LoopyBytelooseLoopyByteloose Posts: 12,537
edited 2012-10-28 05:40 in General Discussion
This is yet another Linux board. I won't bother debating pro and con. Shop until you drop.

http://www.indiegogo.com/cubieboard

Comments

  • LoopyBytelooseLoopyByteloose Posts: 12,537
    edited 2012-10-28 02:56
    Nobody is interested? These boards include IR reception for an IR remote control and a SATA interface for a hard disk. That makes them very easy to adapt to a digital jukebox arrangement or to have a video library of all your old DVDs.

    Or, just use the IR remote to control a rather sophisticated robot.
  • LeonLeon Posts: 7,620
    edited 2012-10-28 03:56
    Nice board, but I don't have a use for it. The BeagleBone I have uses a similar ARM chip and is better for the sort of stuff I'm interested in.
  • LoopyBytelooseLoopyByteloose Posts: 12,537
    edited 2012-10-28 04:39
    @Leon
    I certainly can understand -- We have BeagleBoards, PandaBoards, BeagleBones, Raspberry Pis, Parallela, and so on. I just decided to wait for this one for myself as it suits me well for a Linux environment.
  • Heater.Heater. Posts: 21,230
    edited 2012-10-28 04:53
    Nice looking board. Can't support it though, that crazy Parallela thing has sucked up all my "venture capital" for the next five years. I have Raspi's to contend with and the "research" budget is earmarked for the Prop II :)
  • LoopyBytelooseLoopyByteloose Posts: 12,537
    edited 2012-10-28 05:04
    I missed out on the Parallela, though I tried to snag one. Sometimes the web gets very wierd when you live in Taiwan and just won't let you do what you want -- I fear 'big brother' China may be readying to manage Taiwan behind the Great Firewall. You may not hear from me then ;-)

    Though I really did want a Parallela, I have not idea what I would need one for - aside from bragging rights. So I guess I will just have to spend my mad money of the Propeller II and try to use Forth on it.

    The truth is that I've yet to see what I need all 8 cogs for. Even with VGA and a keyboard and a mouse, the Propeller pretty much has room to spare.

    In sum, I just cannot keep up with everyone else. So I am happy to putter along and try to enthuse new users.
  • Heater.Heater. Posts: 21,230
    edited 2012-10-28 05:25
    One of the first products I ever worked on was built using parallel processing. Get this, a bunch of Intel 8085 micros, some interfaceing to high speed real world stuff, some taking care of the user inteface and networking, some even sharing memory like Propeller COGs.
    Since then many embedded systems I have worked on required multiple processors to get the job done.
    When the Transputer came out I was very interested as I coud see that all that multi-processor stuff we had been doing would be much easier with the parallel model of the Occam language and the Transputer.
    Then we get things like the Propeller and XMOS chips, wonderfull.
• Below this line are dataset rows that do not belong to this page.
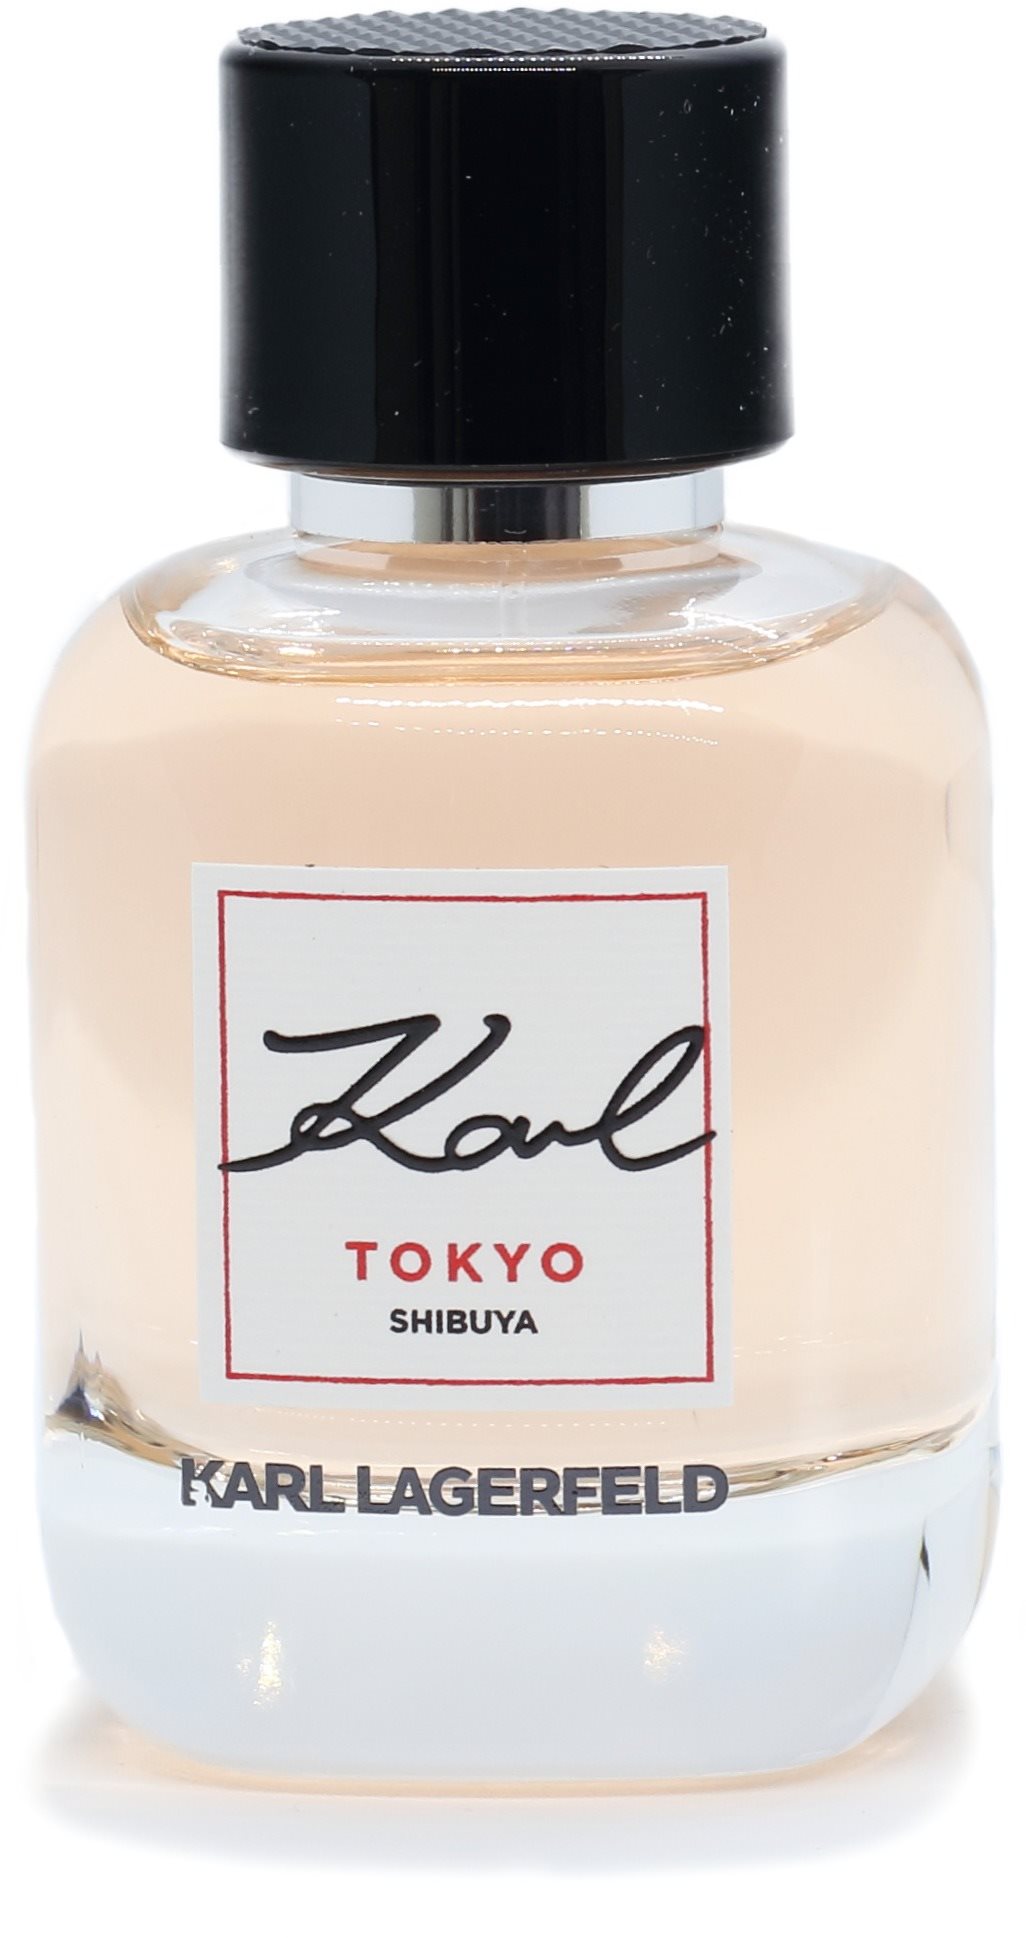 Parfüm KARL LAGERFELD Karl Tokyo Shibuya EdP 60 ml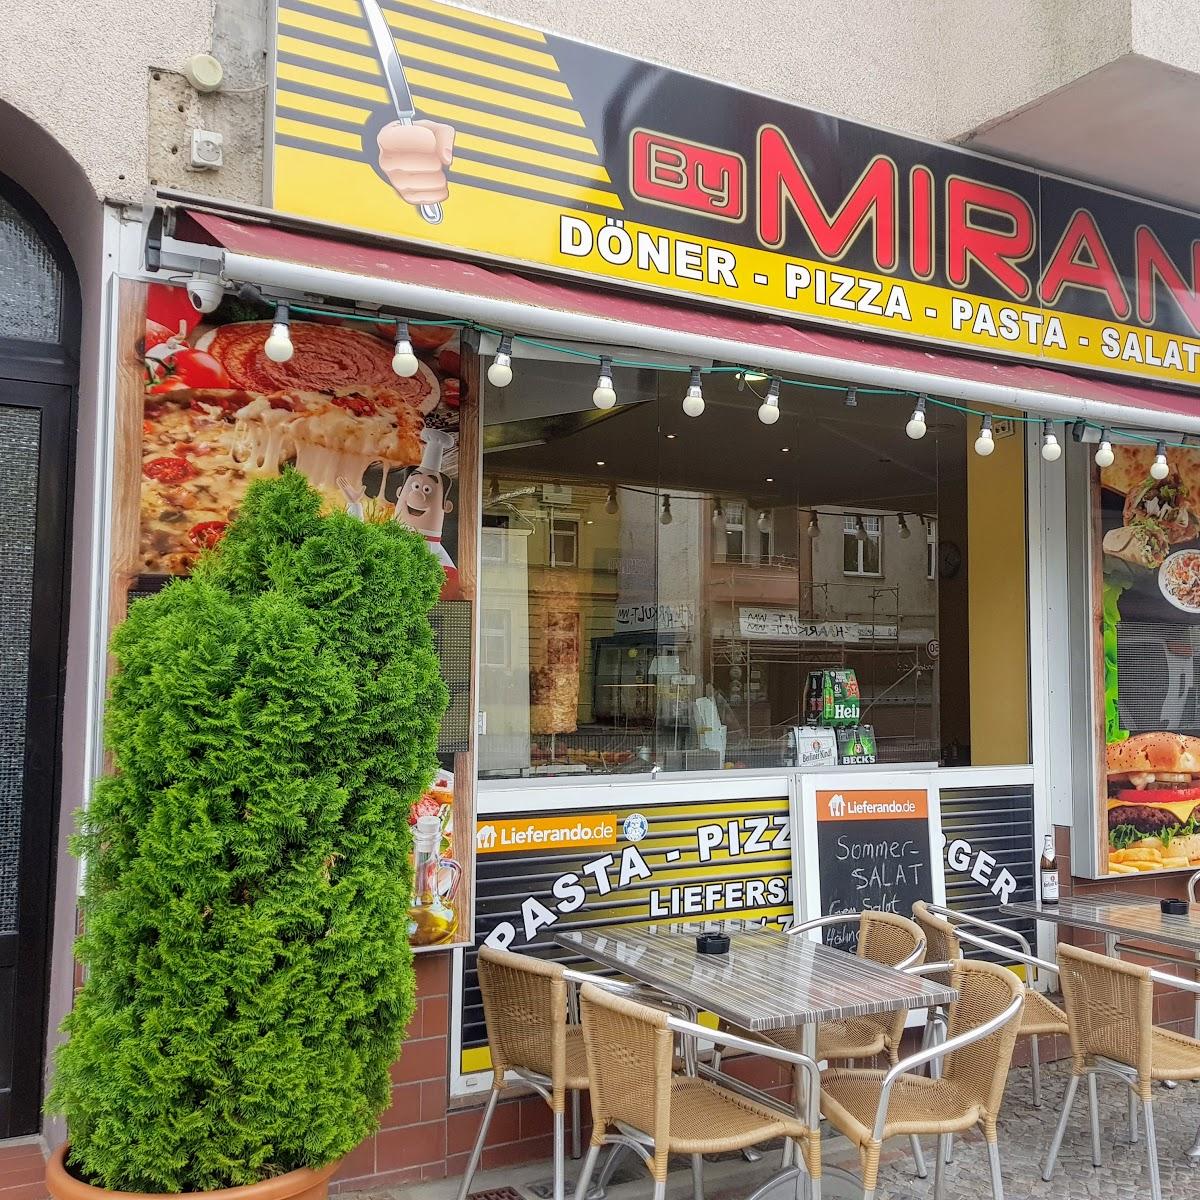 Restaurant "By Miran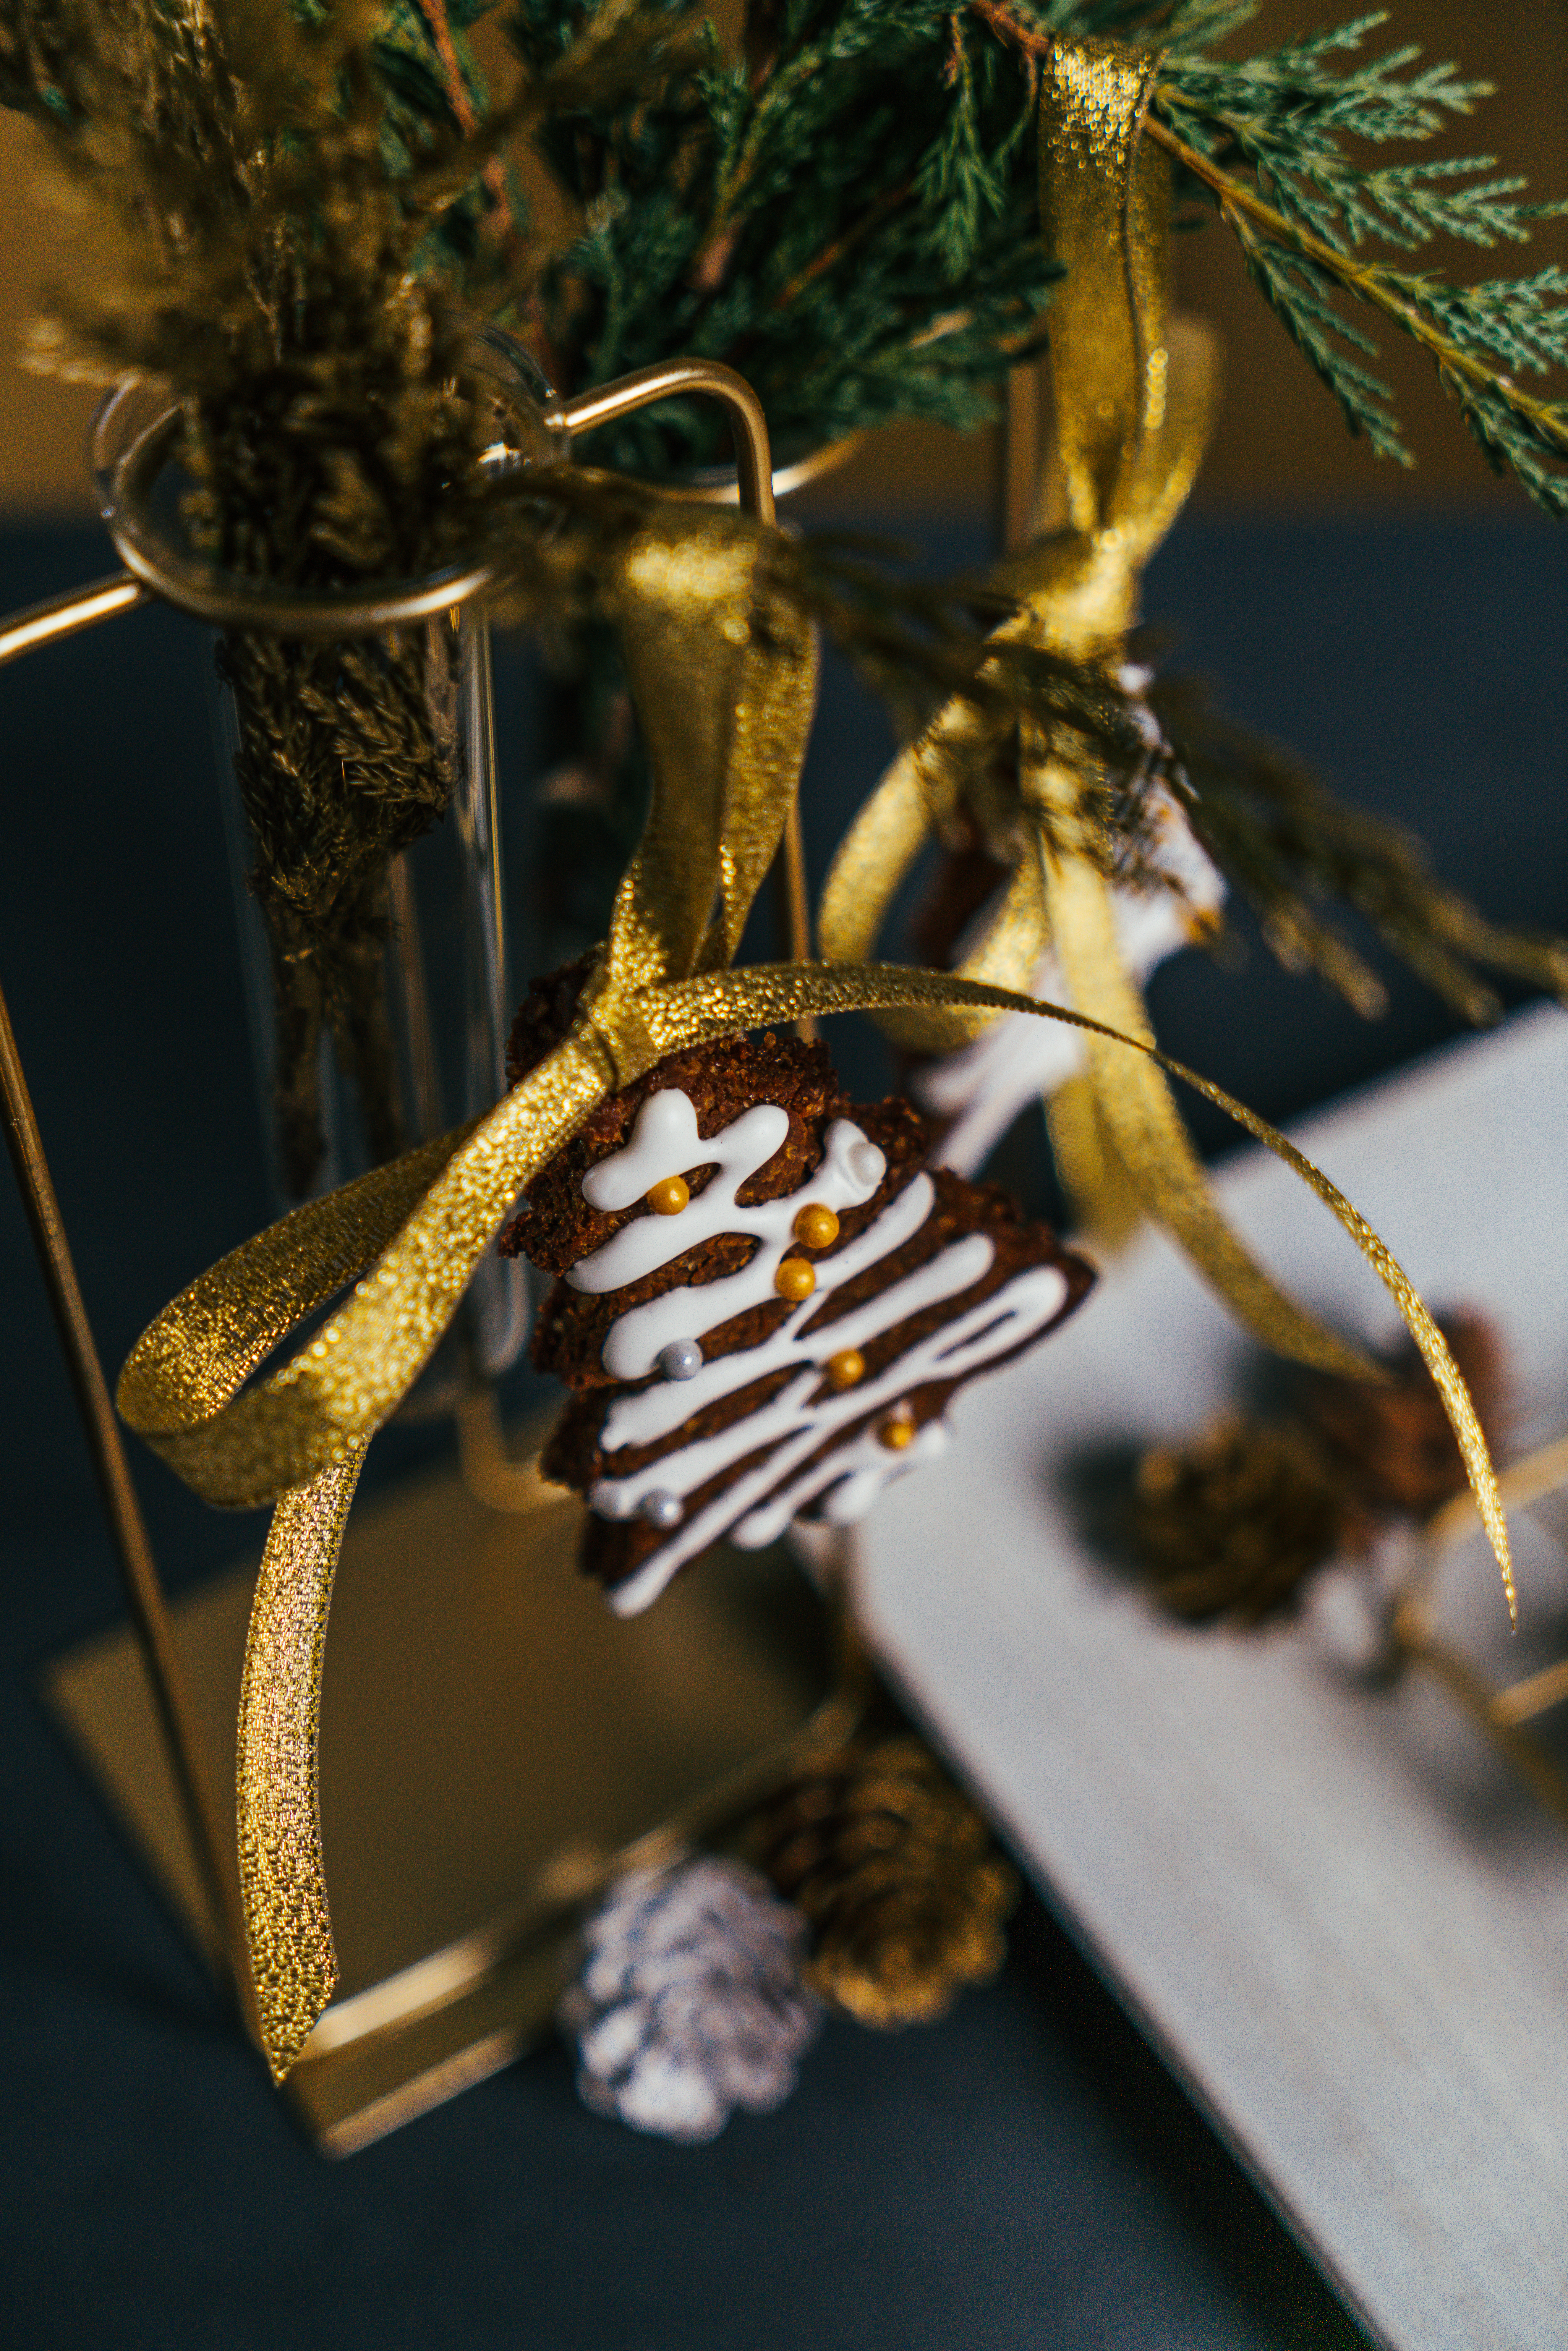 precioso adorno con cinta en dorado, galleta de jengibre decorada con glasé real casero, ornamentos navideños para decorar la casa 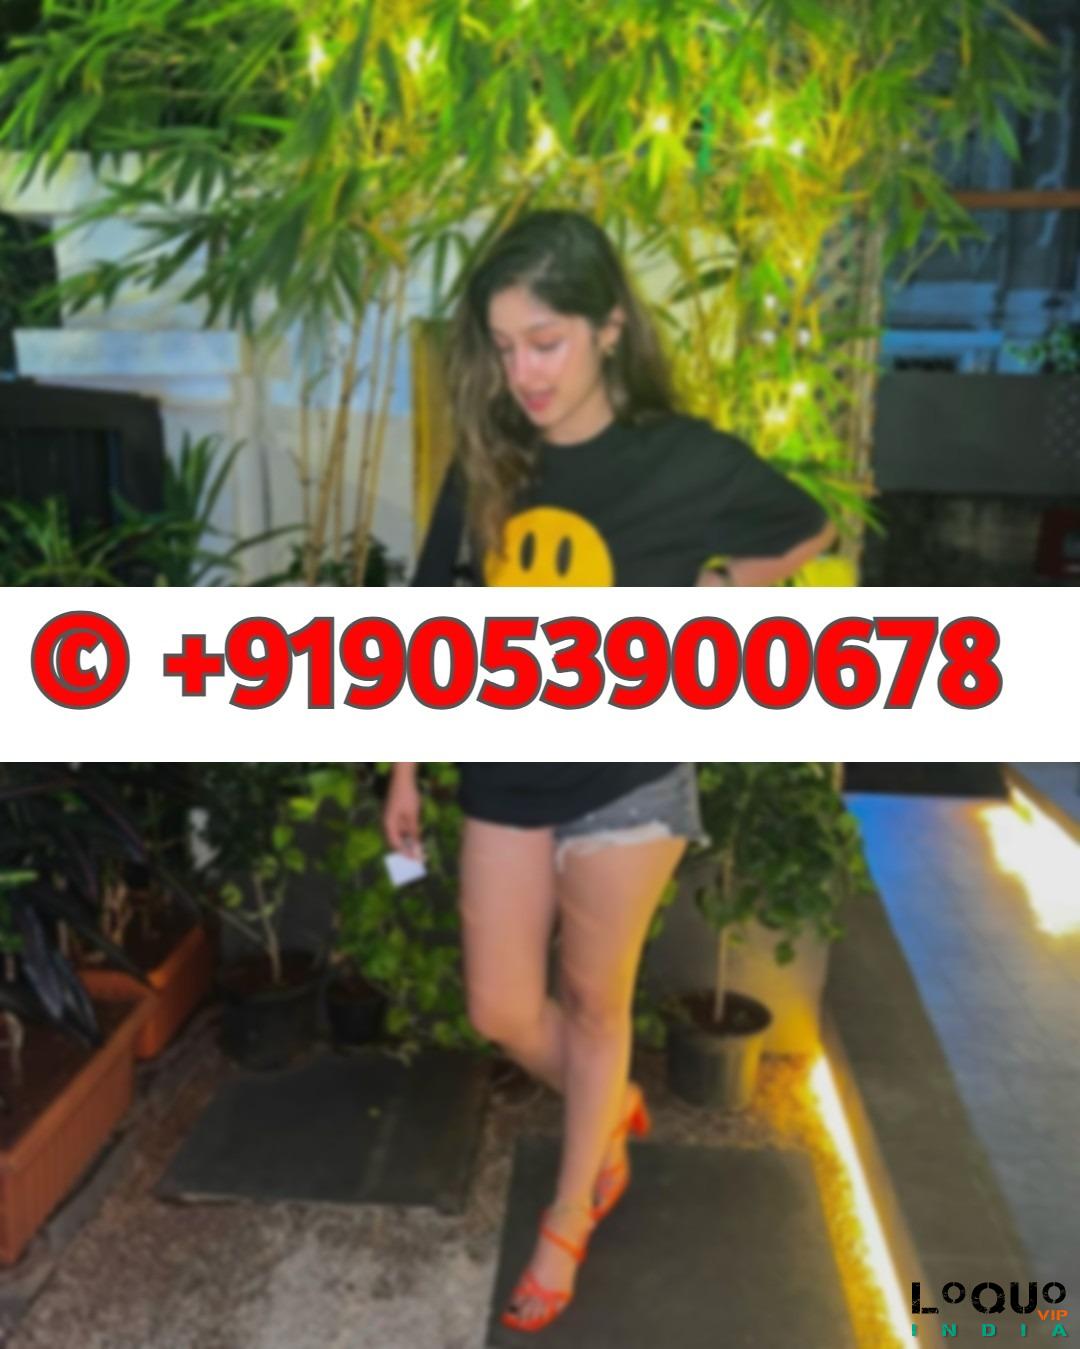 Call Girls Punjab: Low Sexy Call Girls In Punjab 9053900678

    The Parallela is a bit different as it is designed as a floating point number cruncher. Quite what I would do with it apart from tinker with the Mandlebrot set I'm not sure. But "parallel" has always made my ears prick up:)
  • LeonLeon Posts: 7,620
    edited 2012-10-28 05:40
    I was one of the first people to develop stuff with the Transputer (modules and motherboards), and sold a lot of boards to educational and research establishments via my distributor. Transtech Devices. My best seller was a 16-module motherboard which could take 16 of my T800/T414 modules, each with 1 MB of RAM, and Transtech put three of them in a large case with a massive PS. The motherboard had two C004 link switch devices, enabling all sorts of interesting configurations to be used, like hypercubes and systolic arrays, which could be switched on the fly. I never did find out what some of my customers, which included RARDE, RSRE and GCHQ, were doing with them.

    Inmos wasn't interested in selling modules (although one of their people had designed one) until they saw how well mine were doing, and then developed their own range. My market then dried up. :(

    I later got a job at BAe Military Aircraft Divn. I went to see the head of computing research for a chat, and he pulled one of my motherboards and 16 modules out of a cupboard! I was also shown one that he'd acquired by a lecturer at York University, when I went to see him about registering for a PhD.